Provided data =>
- - -

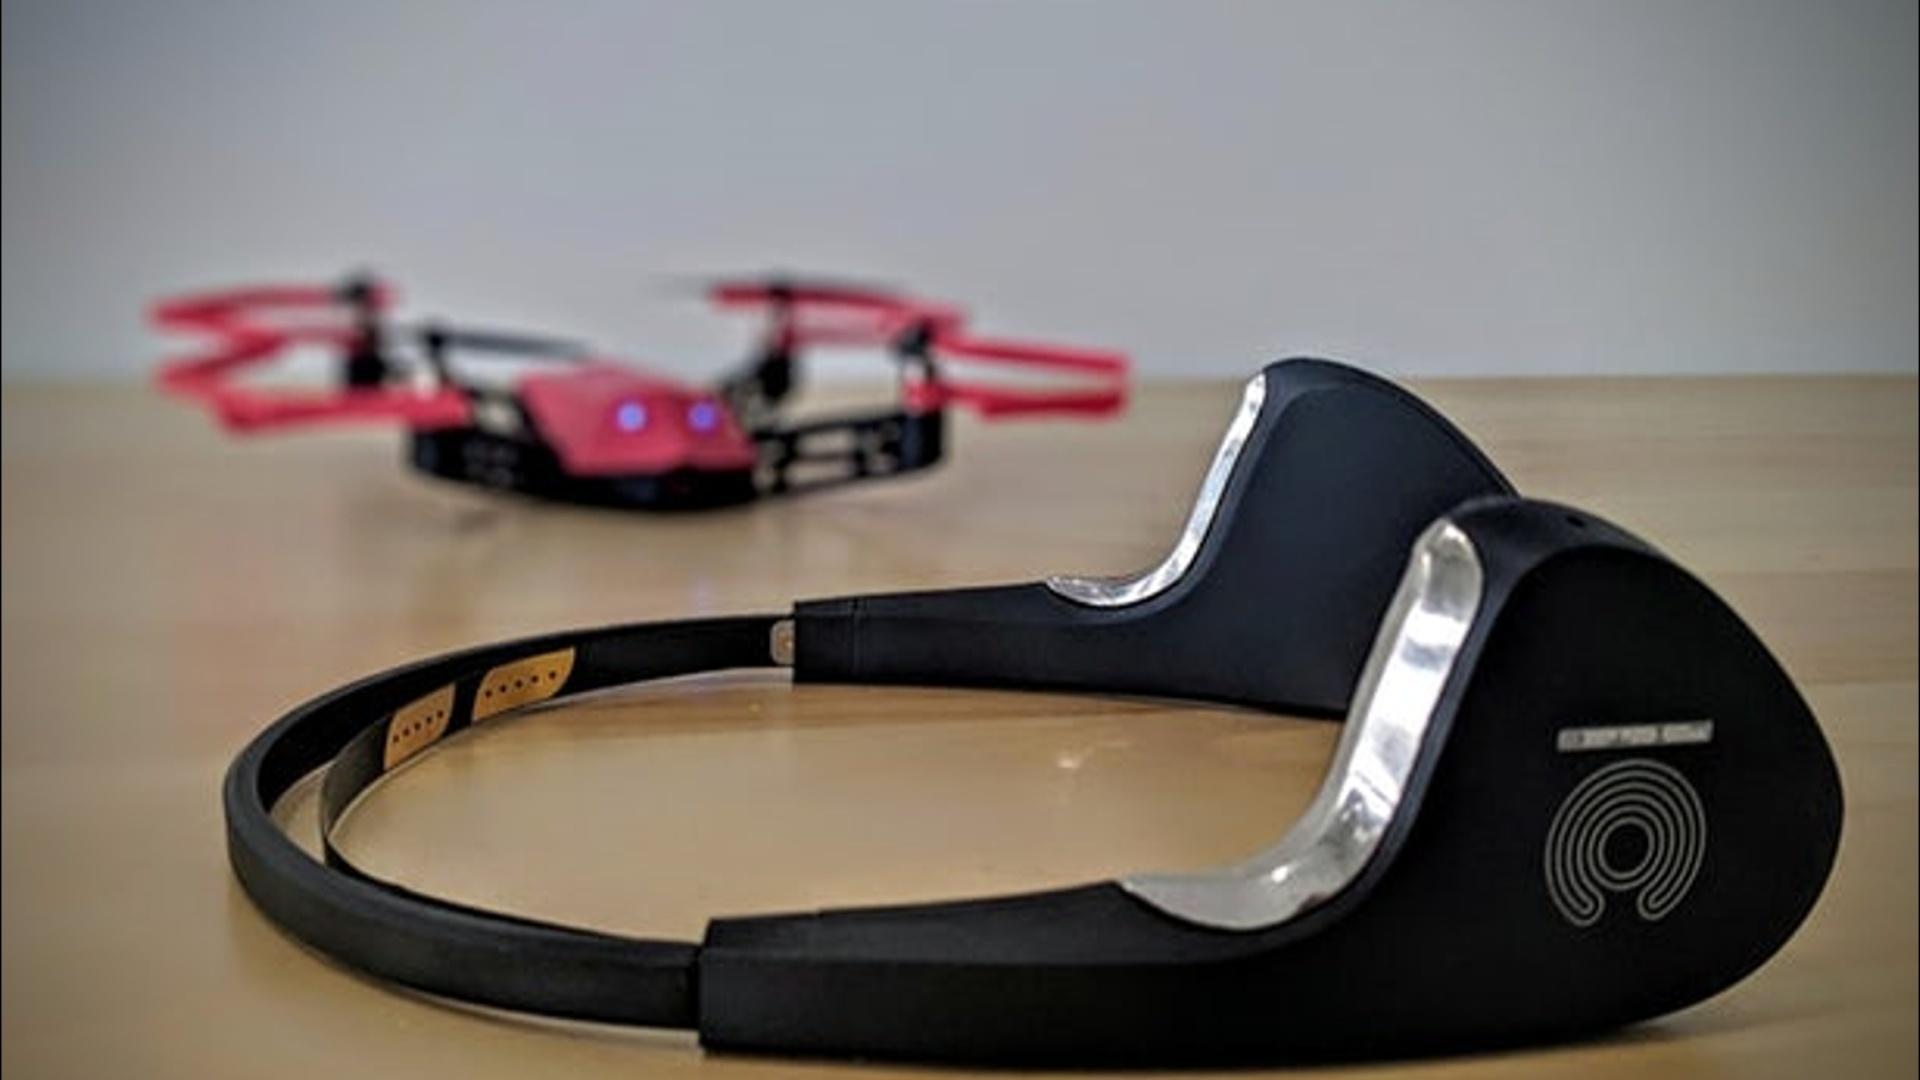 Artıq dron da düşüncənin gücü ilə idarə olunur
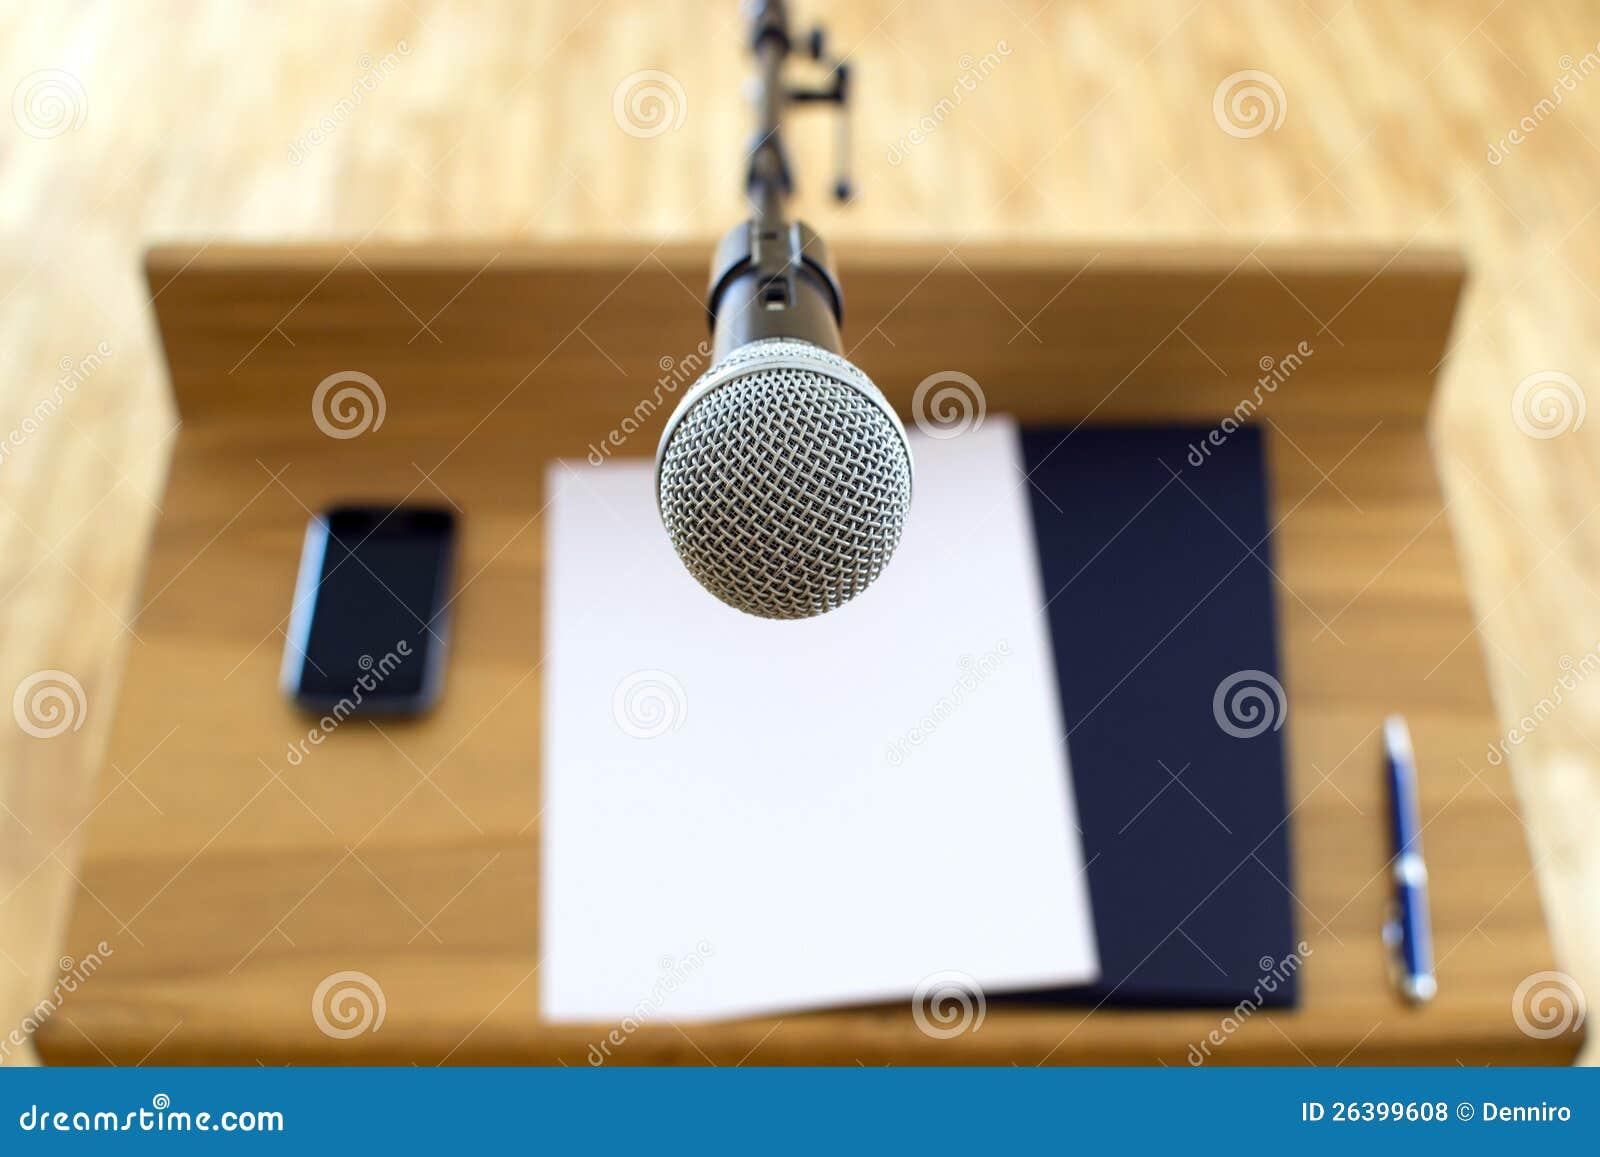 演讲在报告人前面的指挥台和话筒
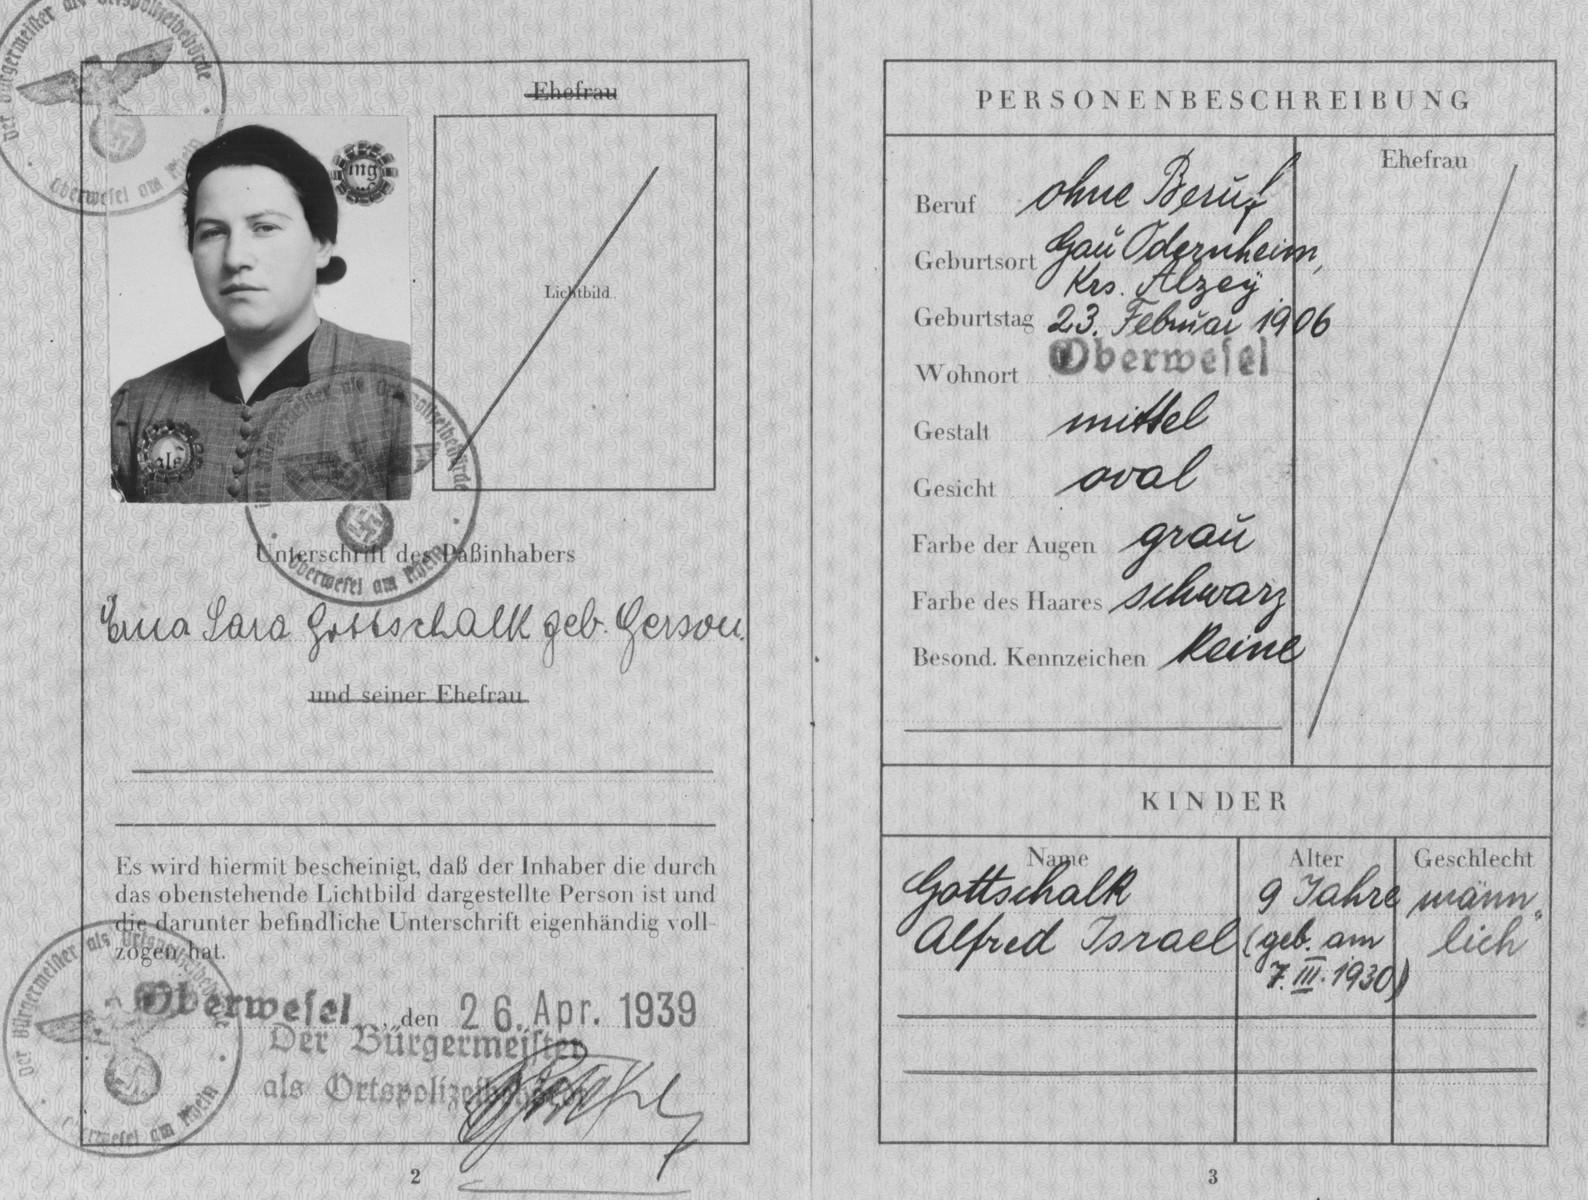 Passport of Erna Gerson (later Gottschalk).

- - -

Problem description =>
In the data, the line that contains "演讲在报告人前面的指挥台和话筒" begins the part to write out; restate it and each line after it word for word through the end, with no pictures.

Response area =>
 演讲在报告人前面的指挥台和话筒
 Passport of Erna Gerson (later Gottschalk).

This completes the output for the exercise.